I will say one other thing though: I still remember the ORIGINAL Guild Wars. Back when it first came out. Now THAT was different... there wasnt really anything else like it. Why they couldnt have just stuck to the formula it created initially, I dont know. At least we'd have something INTERESTING on our hands maybe.
Oh man, the original Guild Wars was an amazing game. So ahead of it's time. So ahead of its time in fact, that nothing has even been able to replicate its virtues, not even Guild Wars 2.
The thing that made GW1 so amazing though wasn't the PvE (which I found to be lackluster myself, even though at the very least it was extremely story driven), it was the PvP.
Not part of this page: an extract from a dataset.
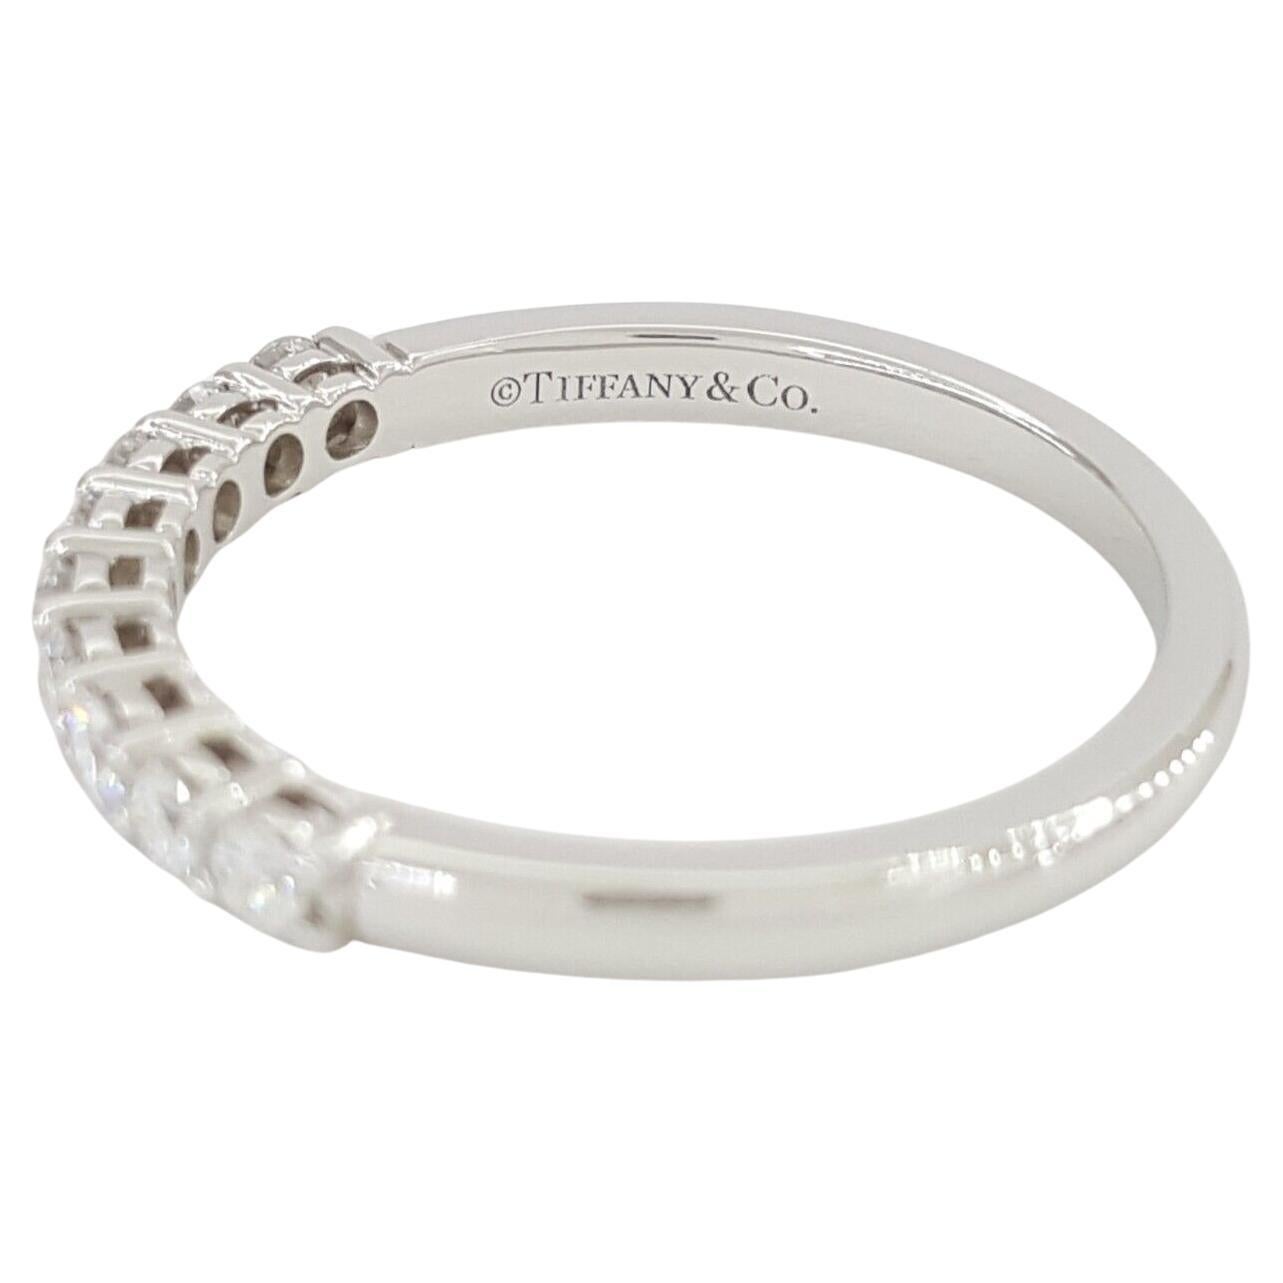 Tiffany & Co Forever Platinum Half Circle Wedding/Anniversary Band/Ring, geschmückt mit einem Gesamtgewicht von 0,27 ct Round Brilliant Cut Diamanten.

Dieser exquisite, mit Präzision und Authentizität gefertigte Ring wiegt 2,6 Gramm und hat eine

In Guild Wars 1 you could start a max level PvP character from the very beginning, and just skip all the hassle and bull**** of the infamously grindy PvE portion of any given MMO.
And man, was the PvP fun. What made GW2 pvp fun was simply the diversity of options the game afforded you. Whatever you can think of, you could it. It wasn't like the typical MMO where it's tank/healer/DPS. The game had 8 classes, and any class could become a hybrid with any other class, giving you an incredible amount of options. Each class had around 100 skills, and the player could have 8 skills in their skillbar, so you do the math. The amount of class customization (and not in a retarded, superficial way) was near limitless.
The kind of things you would experience in PvP would need to be seen to be believed. You never
KNEW what you were going to encounter next, because the only bottleneck to potential builds was each player's creativity. Sure, there were cookie-cutter builds that you saw often, but there were so many ways to counter them that generally, anything which become too popular was like a curse upon itself.
The battle interactions were definitely the most exciting thing I've ever experienced in an MMO or RPG pvp setting. My god, the game had MAGE battles. Seriously, it was basically Harry Potter. Anything you wanted to do, you could do. Massive direct damage? Check. AoE death over a large area? Check. Damage over time that also heals you? Check. Oh what's that, you don't want your opponent to cast spells at all? You could create an entire build whose only job was to cripple enemy mages, countering every spell they attempted to cast and shutting them down to near uselessness, allowing your team to finish them off.
One of the things that really made it shine were the amount of proactive/reactive choices the player was forced to make at any given time. Imagine as a healer, your teammates are dying, and your only job is to save them. But you have a hex on you which deals massive damage each time you cast a spell. Do you continue to heal your friends, putting your own life in danger, or wait until it wears off, and hope you can save what's left?
Of course allies could then take any kind of negative hex or curse off of you, and sometimes even place it on somebody else.
I mean...you know what I'm done trying to explain it. It was incredible. Play, counterplay, proactive, reactive, outsmart your opponent, outdamage your opponent, punish him for every action, or prevent him from even taking action. It was all there, you could do it.
I was really hoping that they would take this same philosophy and apply it to Guild Wars 2, but they most definitely did not. The classes became much more cookie-cutter, the cross-class hybridization was removed, and apparently since the instanced-based server architecture of the first game had been removed in favor of the typical mass server MMO style, the game can't handle the same kind of quick-reflex mechanics the original one had, so they had to drop that in favor of a more...traditional MMO approach (we'll all do a bunch of damage weeeeeee!)